We further investigate the effect of the cross-view information and deblur the left and right frames independently without considering the mPAM module. The model performs similarly to two models trained separately without using the cross-view information. The result of this change is illustrated in the second row of Table 4. Even without using the cross-view information, the proposed method outperforms image-based methods of Whyte58, Sun24, Gong25, Nah19, and Kupyn57. However, DAVANet42, which uses the cross-view information efficiently, performs better than the proposed method without the mPAM module. Our model effectively uses the cross-view information, and the features from the other view help with further deblurring. The quantitative and qualitative influence of the mPAM module is shown in Table 5 and Fig. 10, respectively.

Effect of decoder

Since the output of the mPAM module has 32 filters, we use a 2D convolution after the mPAM to create a 3 channel output to add to the blurry input frames.

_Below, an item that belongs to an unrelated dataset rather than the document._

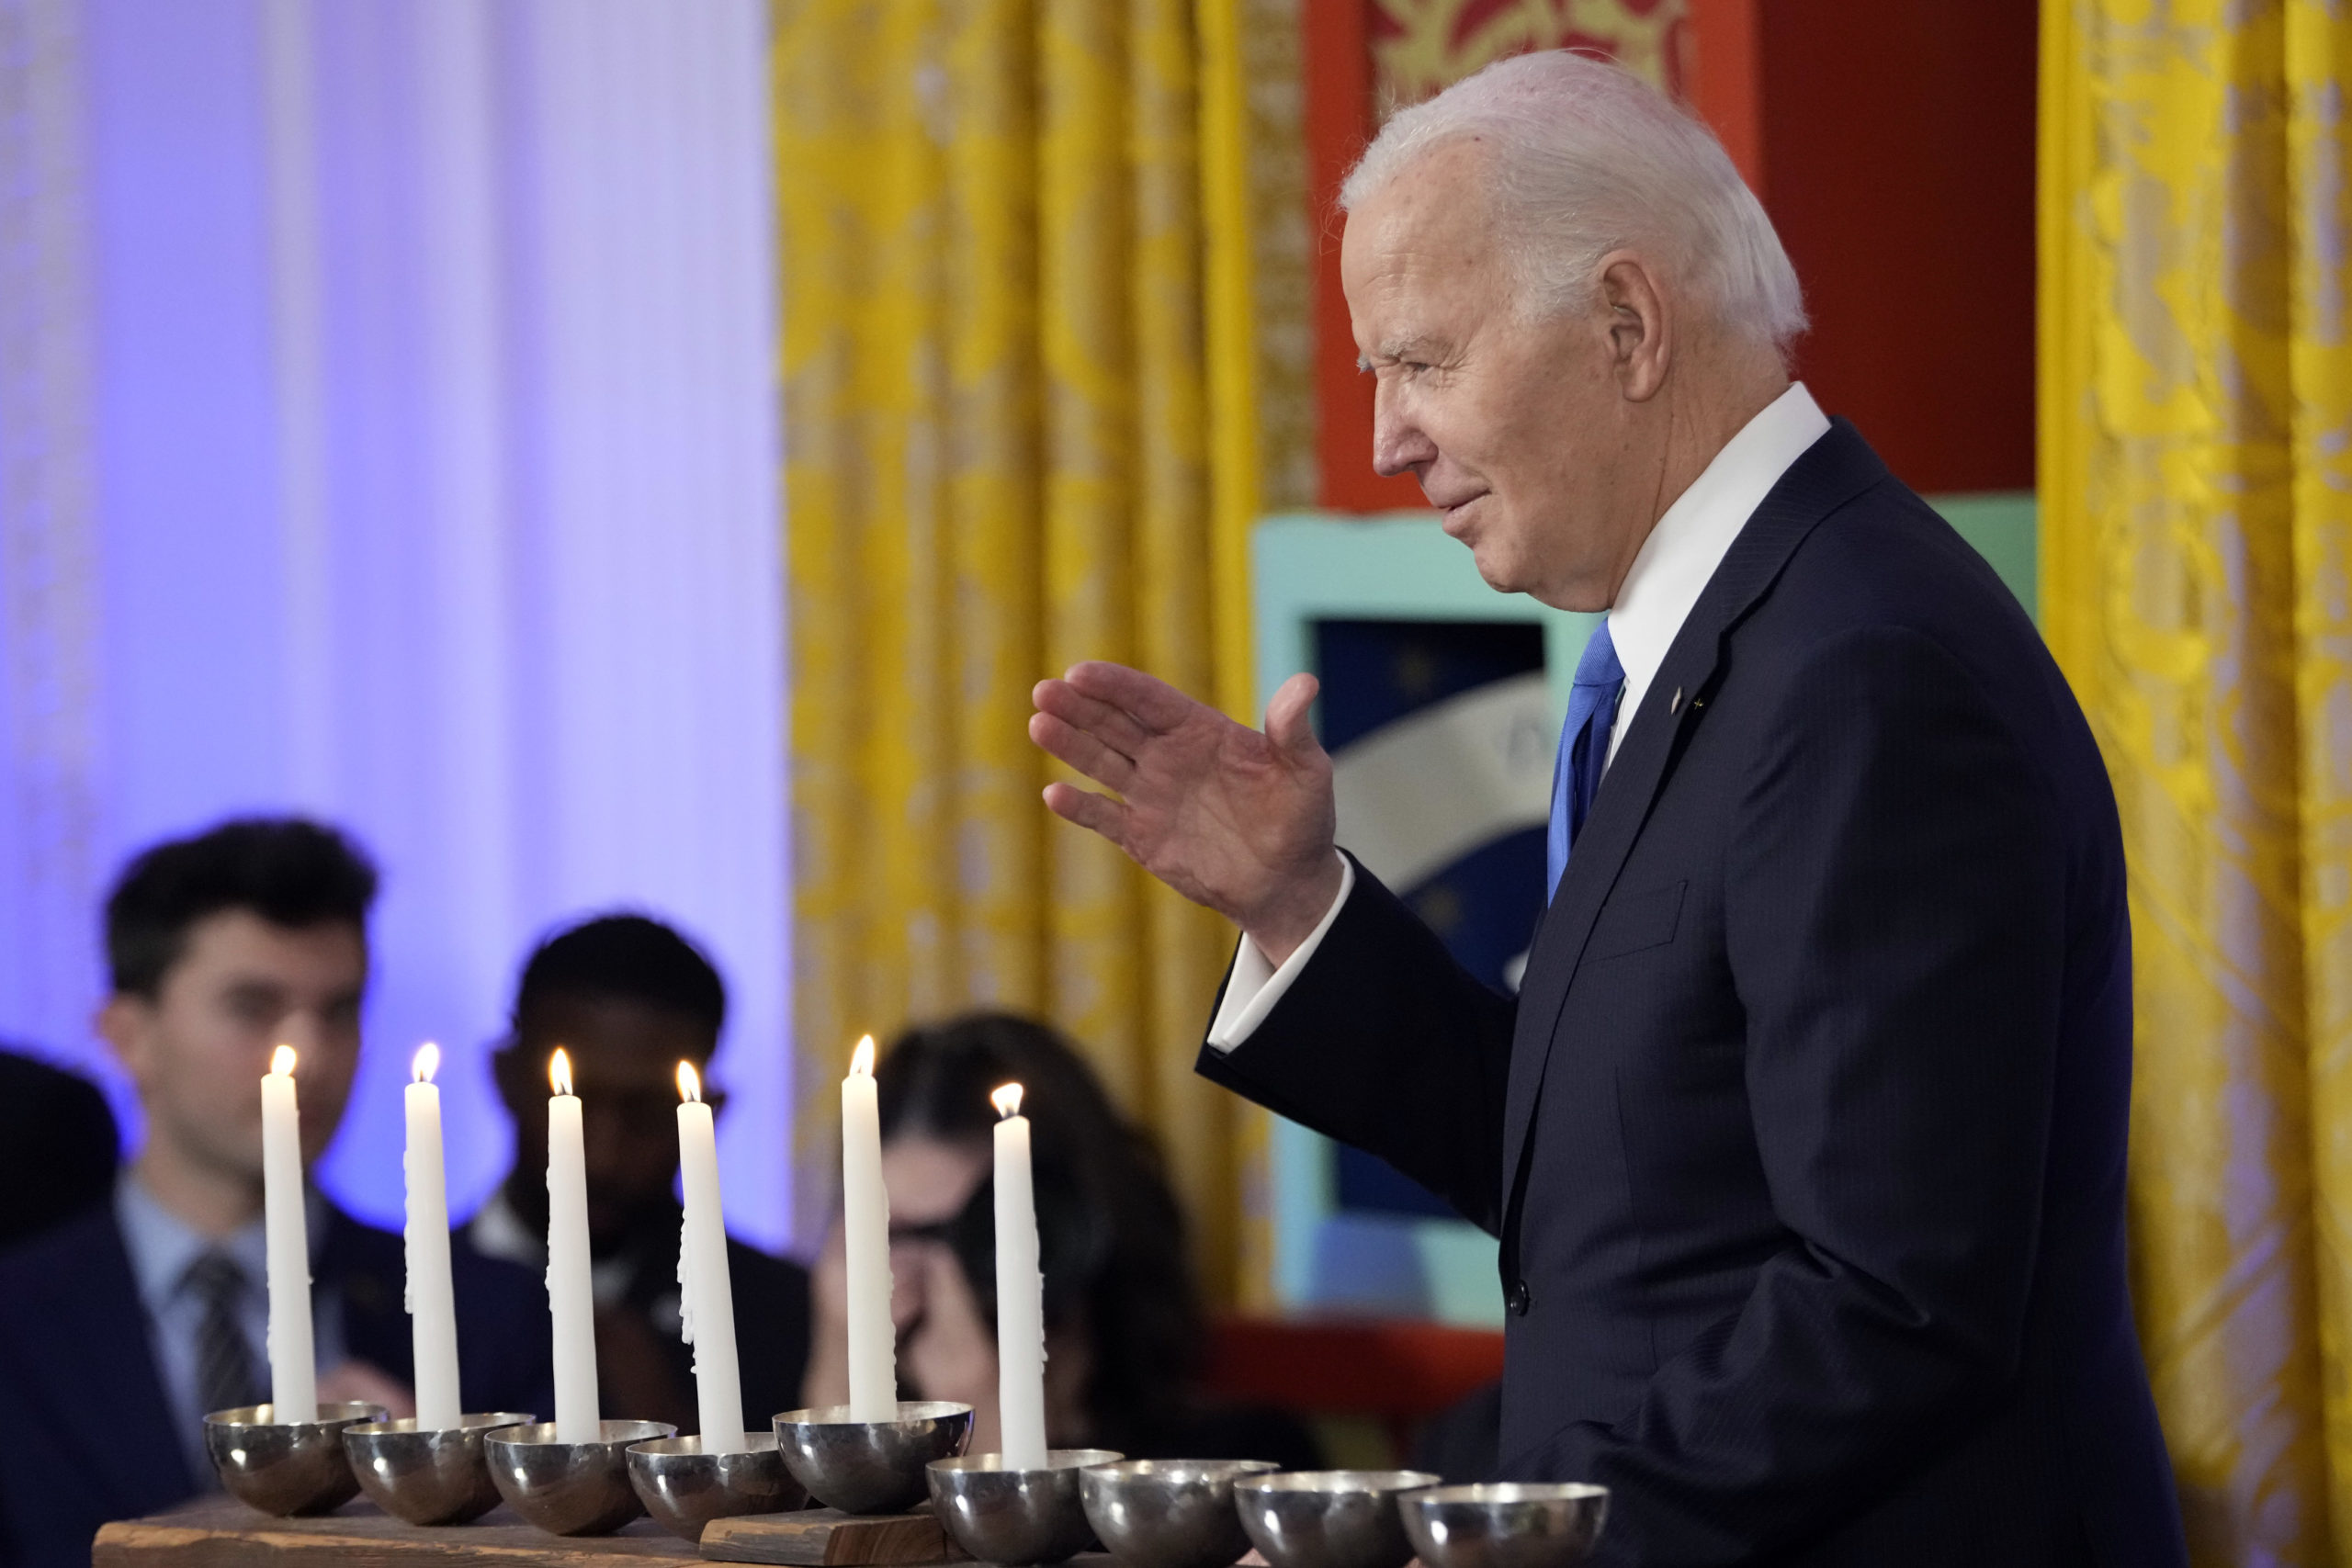 President Joe Biden speaks at a Hanukkah reception in the East Room of the White House on December 11, 2023 in Washington, DC. President Biden and first lady Jill Biden host a reception to mark the Jewish holidays. (Photo by Jacquelyn Martin - Pool/Getty Images)

We remove the convolutional decoder and add the output of the mPAM module to the blurry middle frame to create the deblurred output frames. The result is shown in the third row of Table 4, which shows the importance of the decoder module. This table shows that the decoder module includes 21.7 million of parameters, a high number compared to other parts of our model. In the future, we will work on reducing the complexity of the decoder module.

Table 6 Impact of the number of input frames (\(N\_frames\)) on the performance of the proposed model on the Stereo Blur42 dataset.

Effect of consecutive frames numbers

In Sect. Quantitative results , we highlighted the use of a sequence consisting of 5 consecutive frames in our experiments. Here, we investigate how altering the number of input frames affects the performance of our model. Table 6 presents a comparative analysis across different frame counts, specifically \(N\_frames = 3\), 5, and 7. The results demonstrate that selecting \(N\_frames=5\) yields optimal performance for stereo video deblurring. Notably, our proposed method exhibits sub-optimal performance with \(N\_frames=3\), while only marginal improvements are observed with \(N\_frames=7\). Therefore, choosing \(N\_frames=5\) strikes a favorable balance between performance and complexity.

Limitations

The increased number of model parameters in the proposed technique compared to image and 2D video deblurring methods is one of its drawbacks. As shown in Table 1, our model includes 38.4 million parameters, compared to 19.9 million for UNet-Deblur43, 32.4 million for Pan et al.34, 21.02 million for Son et al.35, and 8.68 million for DAVANet42. This increase in parameter count is logical given that our proposed method addresses video deblurring with additional stereo-related information compared to 2D image-based and video-based methods. The inclusion of the temporal dimension inherently results in a model with higher complexity, such as using 3D convolutions instead of 2D. However, in the future, we aim to refine the modules of the overall architecture to make it more lightweight.

Conclusions

This paper proposed a new model for deblurring stereoscopic videos, marking the first Transformer-based stereo video deblurring method. We design its self-attention and feed-forward layers specifically for stereoscopic video deblurring. Additionally, we develop a method for fusing stereo information to enhance deblurring further. Our approach utilizes neighboring frames of a monocular view and corresponding stereo view to deblur the target frame. Extensive experiments demonstrate that our proposed approach outperforms both image and video-based deblurring methods on two benchmark datasets. In future work, we plan to optimize different parts of the proposed model to reduce complexity. Specifically, we aim to redesign the decoder to achieve comparable performance with fewer parameters. Additionally, we intend to refine the motion compensation module to focus more on the motion or salient parts of stereo videos.